▸ **Task objective**: Return exactly the span of lines in the following data that opens with the line containing "A chic trousers/pant" and closes with the line containing "inside leg measuring". Include nothing else.

━━ Information provided

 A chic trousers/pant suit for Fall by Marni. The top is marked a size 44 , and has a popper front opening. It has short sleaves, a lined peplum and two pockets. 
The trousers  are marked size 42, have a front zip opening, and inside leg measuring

━━━━
━━ Information provided

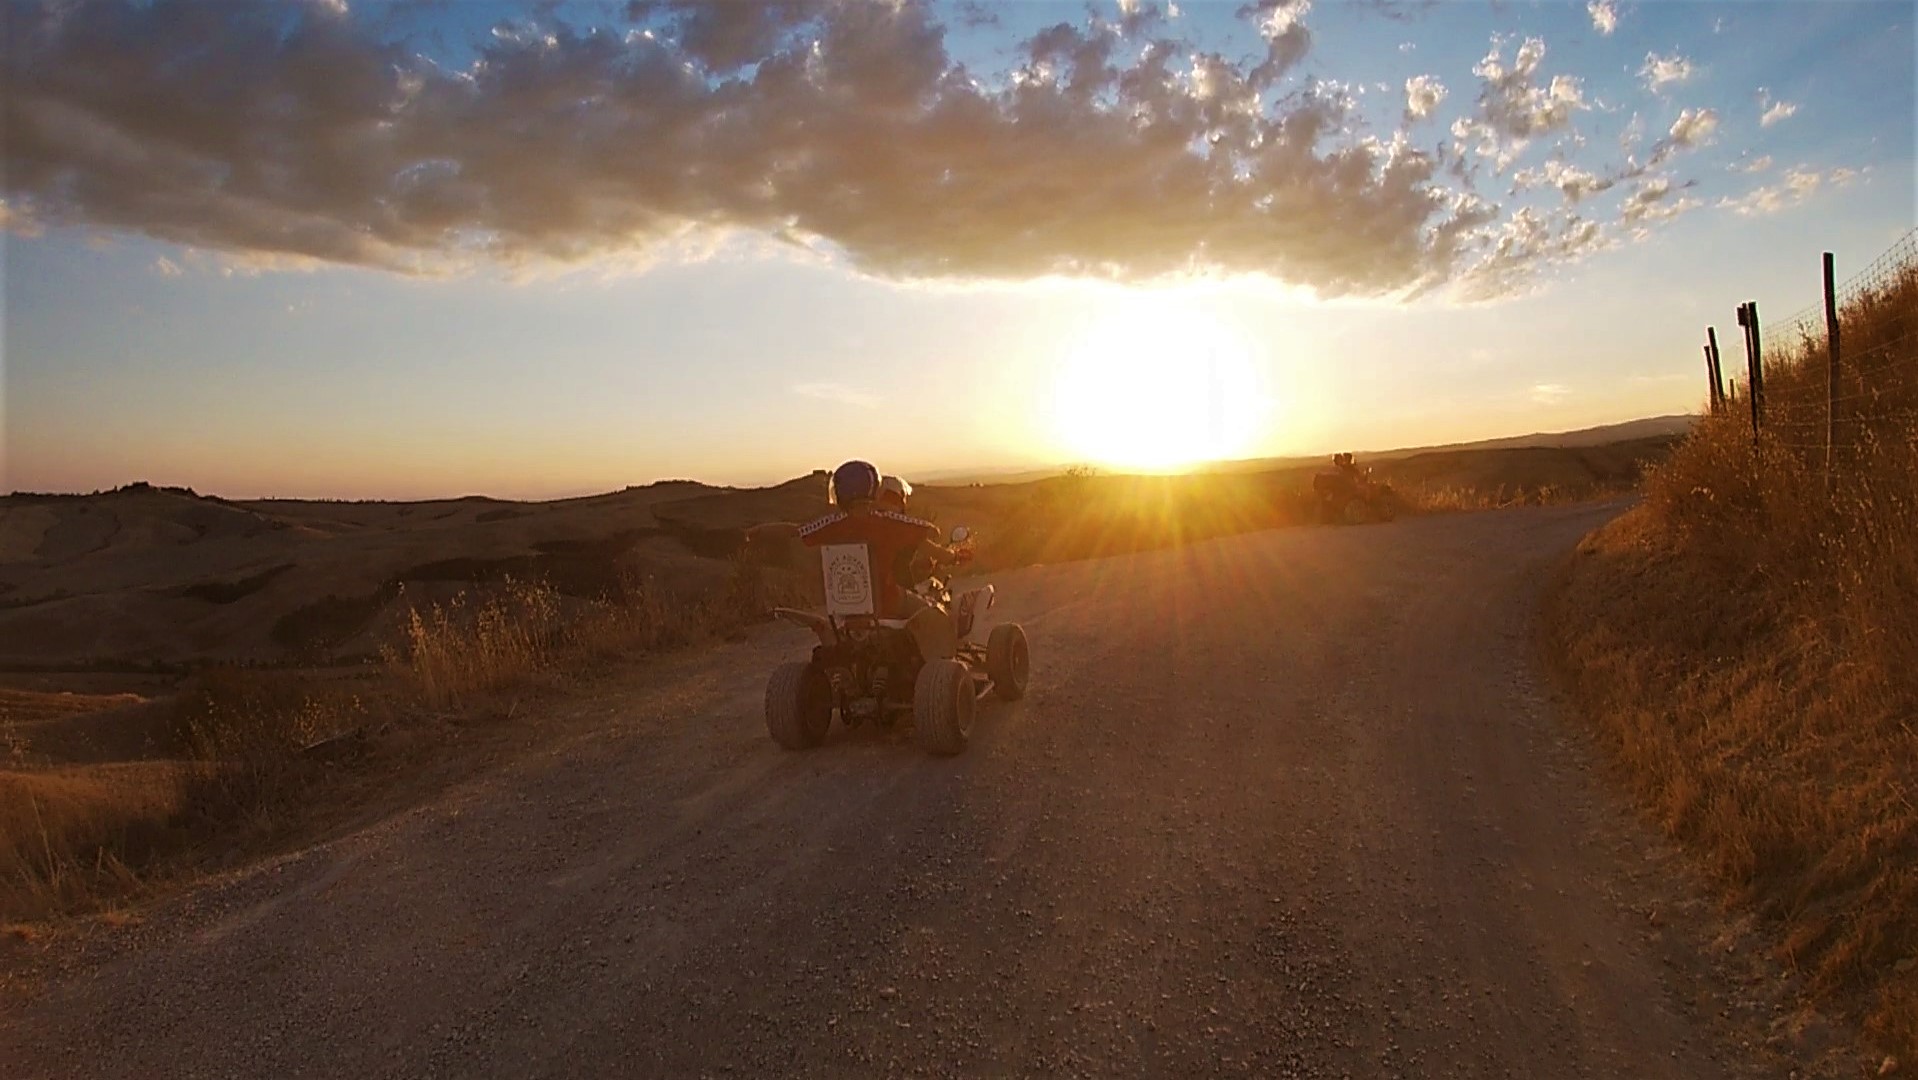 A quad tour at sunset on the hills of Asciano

━━━━
━━ Information provided

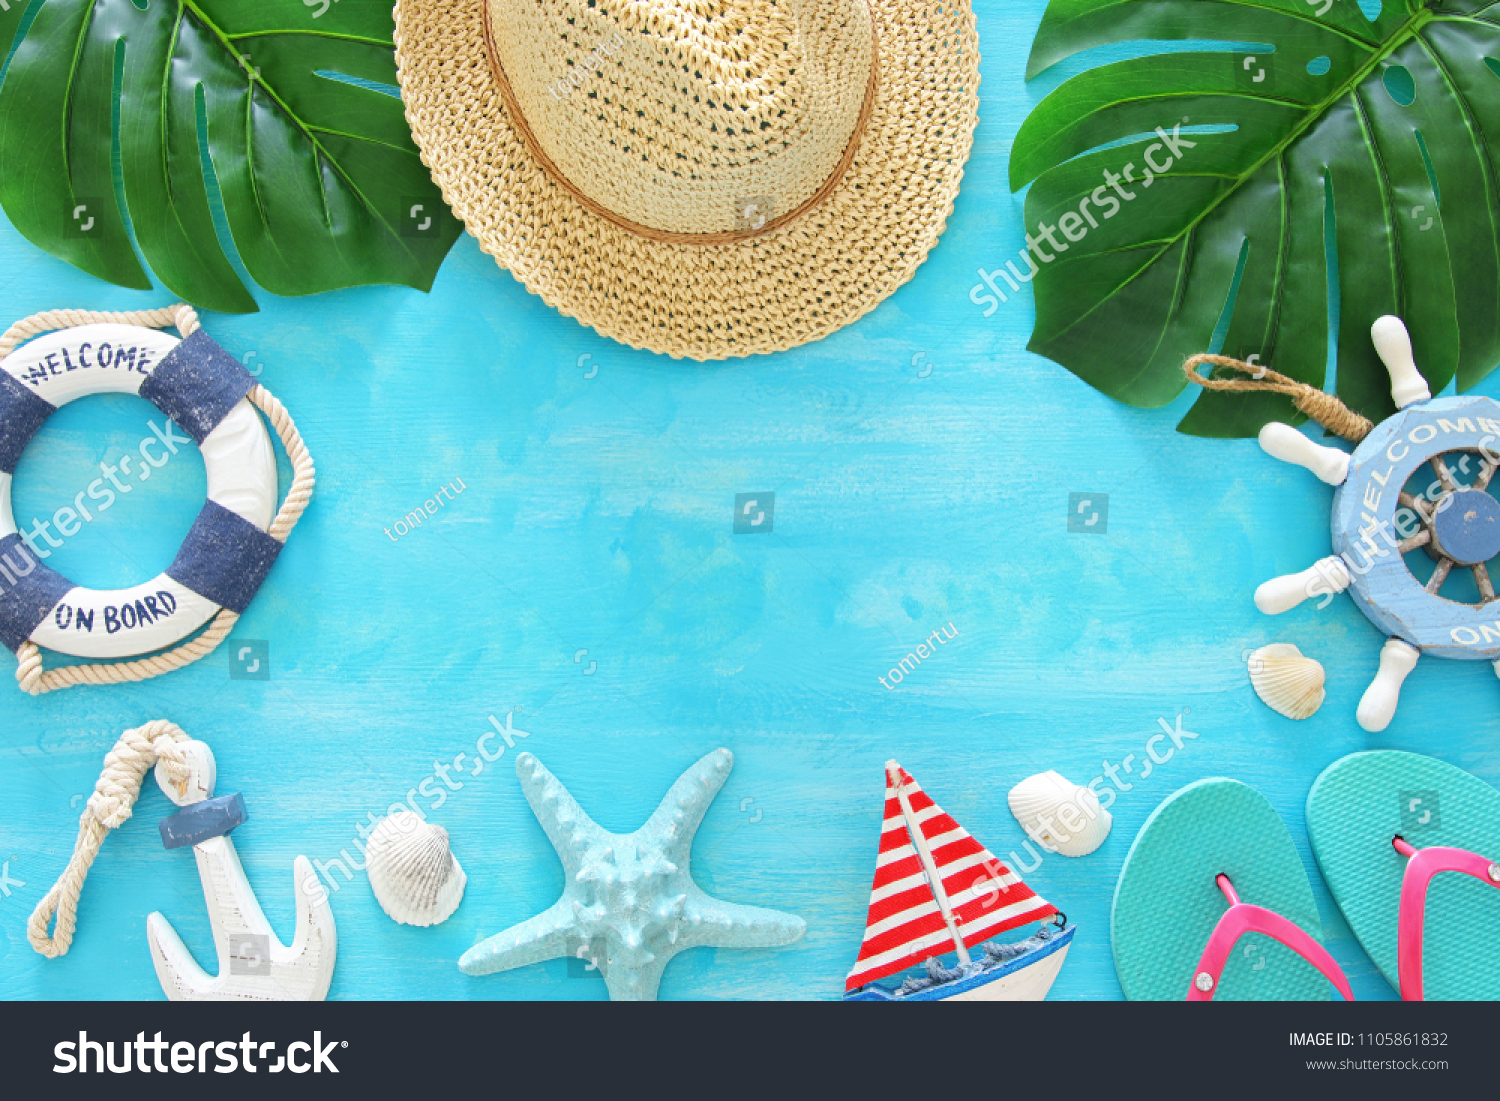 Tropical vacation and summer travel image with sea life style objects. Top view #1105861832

━━━━

▸ **Exercise response**:
 A chic trousers/pant suit for Fall by Marni. The top is marked a size 44 , and has a popper front opening. It has short sleaves, a lined peplum and two pockets. 
The trousers  are marked size 42, have a front zip opening, and inside leg measuring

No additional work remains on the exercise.